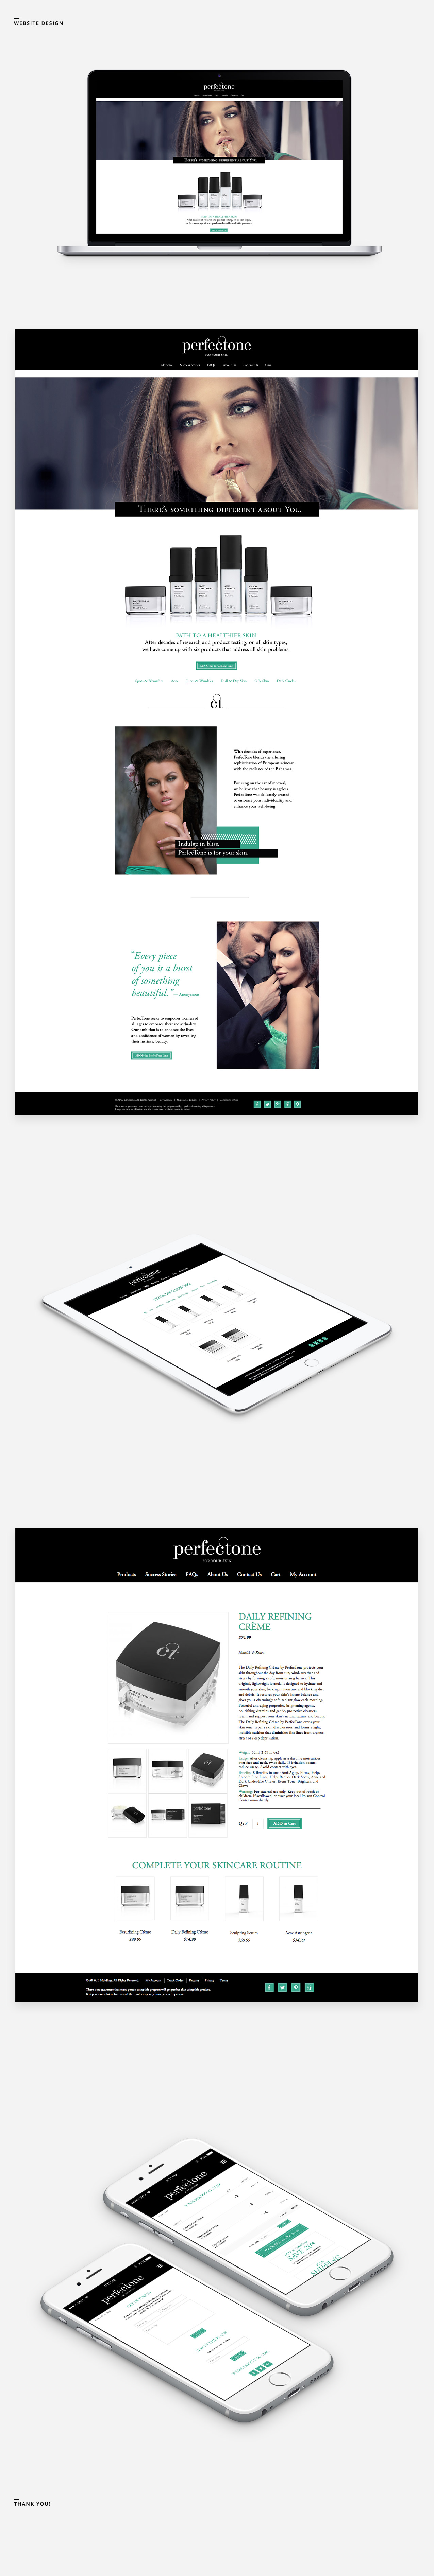 PerfecTone Website Design
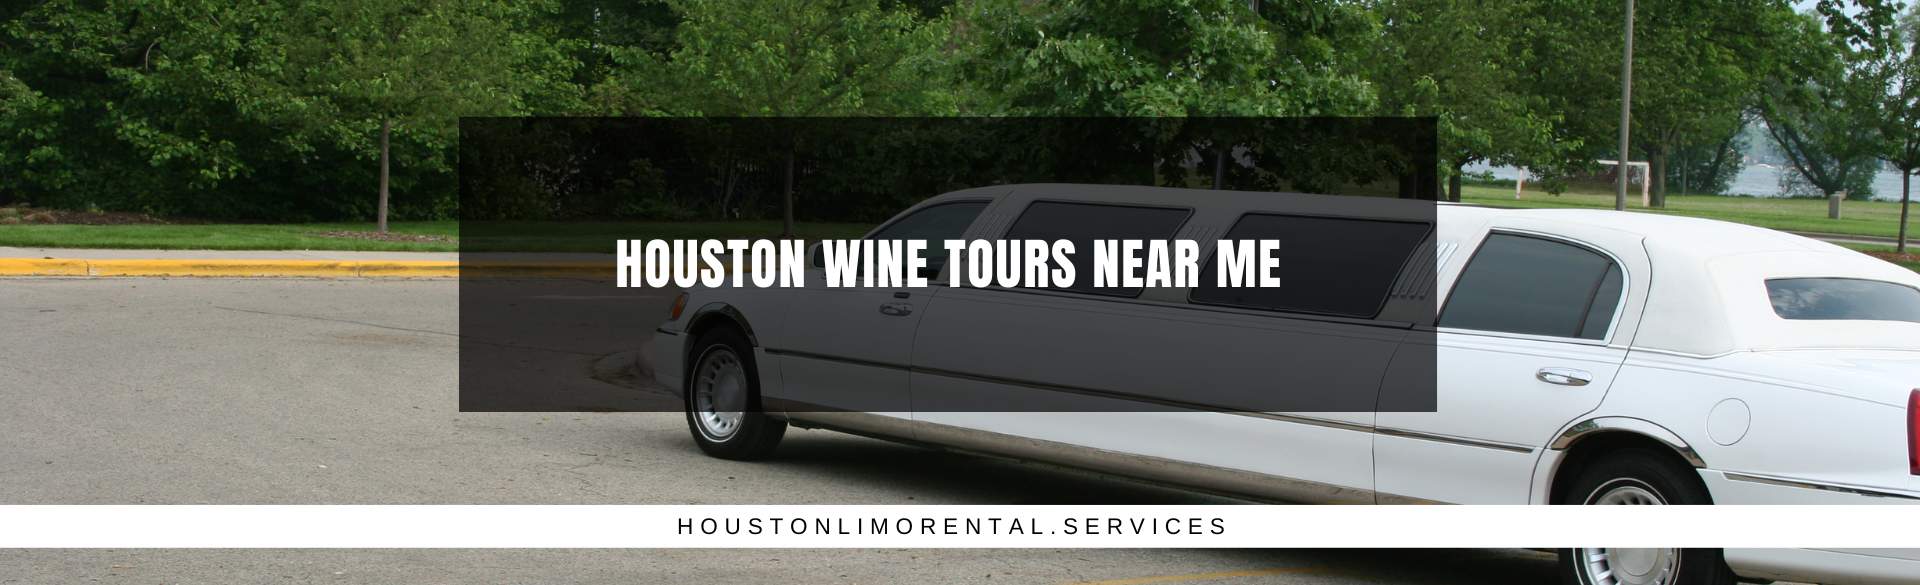 Houston Wine Tours Near Me
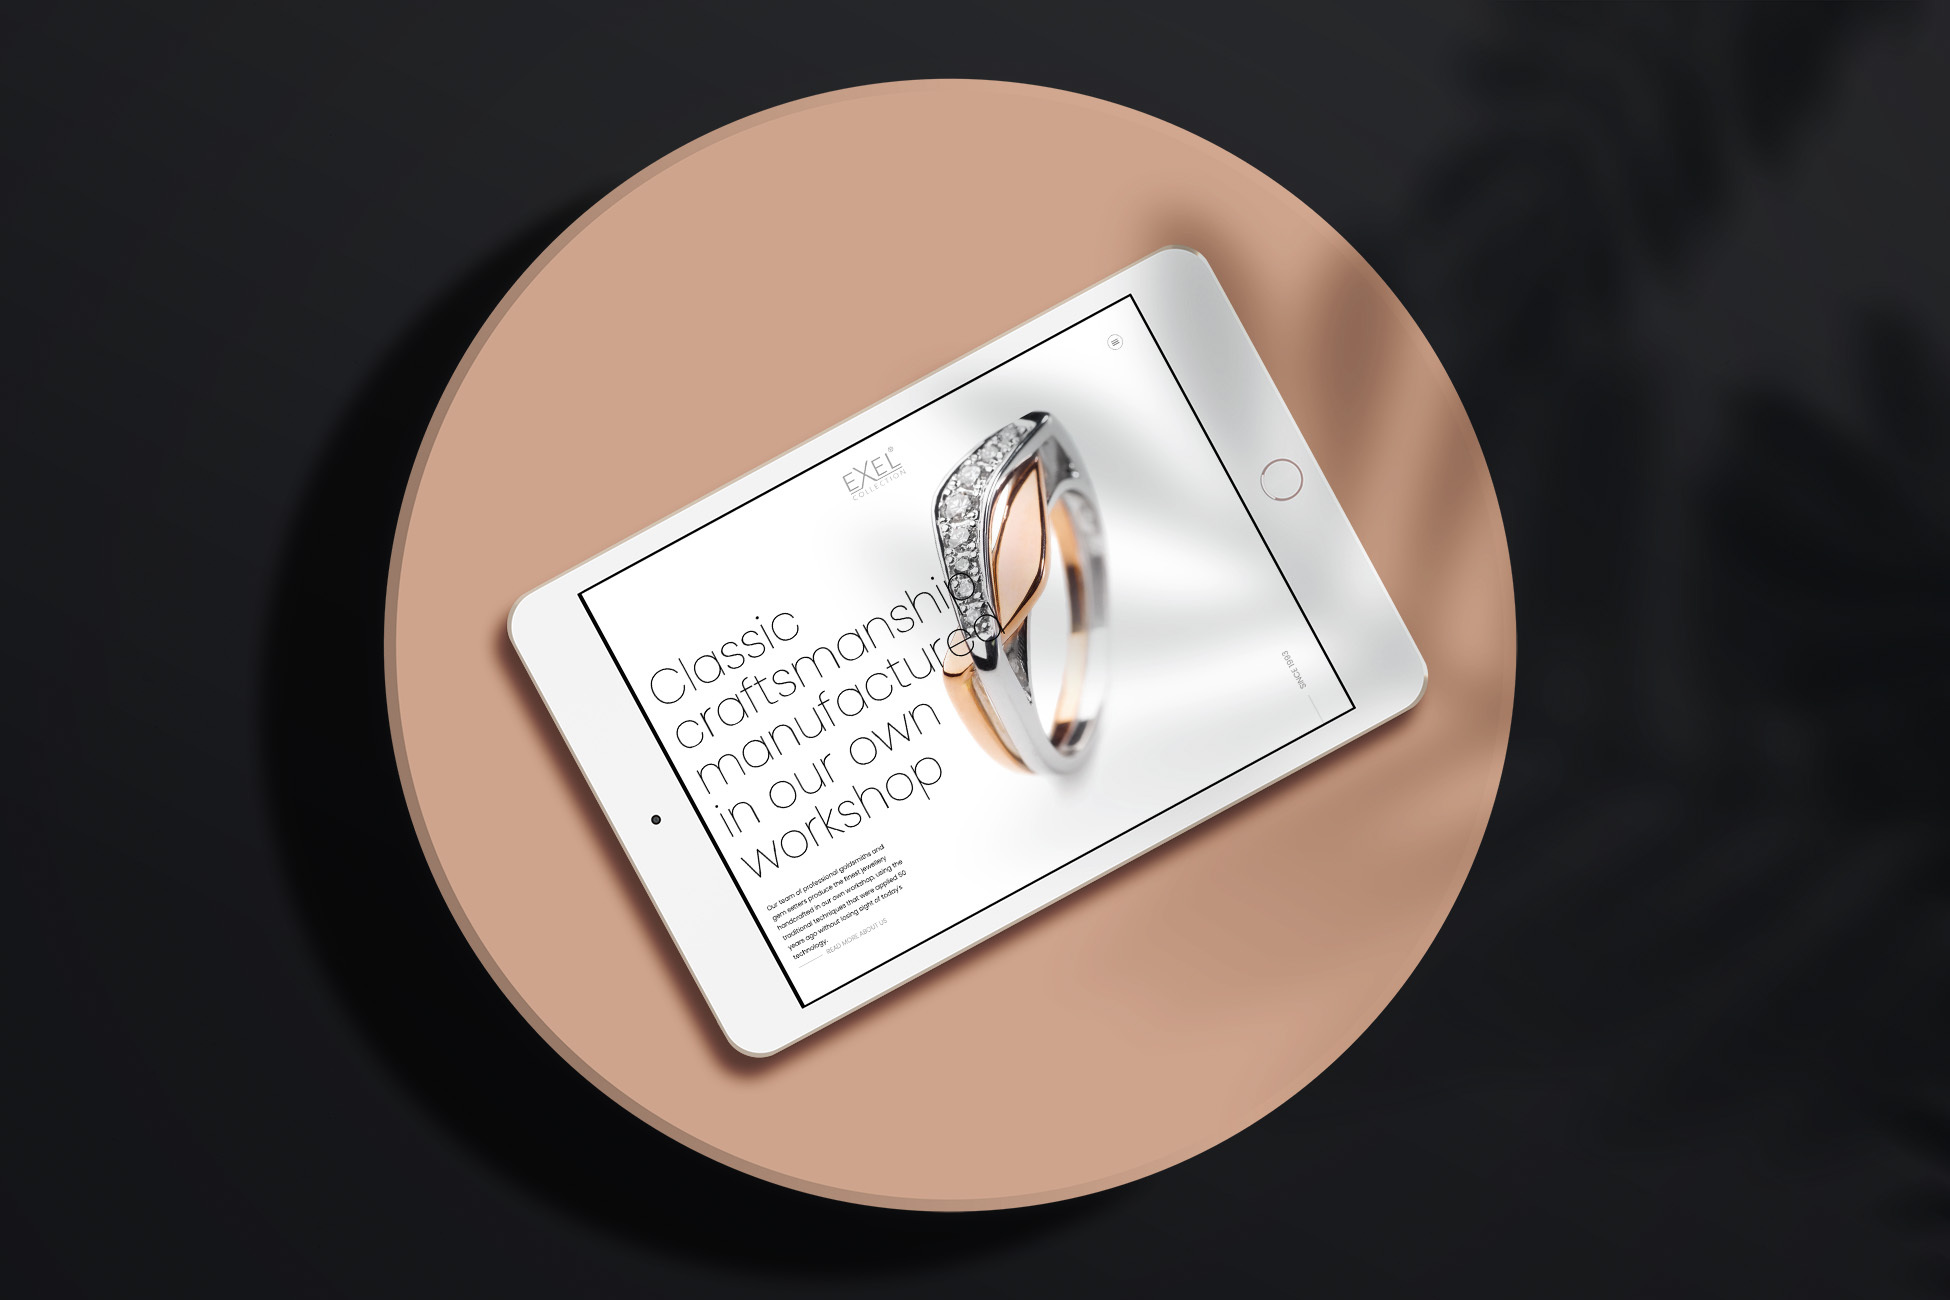 Website van Exel Collection uit Kortrijk, gepresenteerd in een witte iPad. De juwelen worden gepresenteerd.

**WHAT THE TASK ASKS:**
Write the lines from the one containing "Houston Wine Tours Near Me" through the end of the data above exactly as they appear, and do not carry over any picture.

**SOLVED EXERCISE:**
 Houston Wine Tours Near Me
 Website van Exel Collection uit Kortrijk, gepresenteerd in een witte iPad. De juwelen worden gepresenteerd.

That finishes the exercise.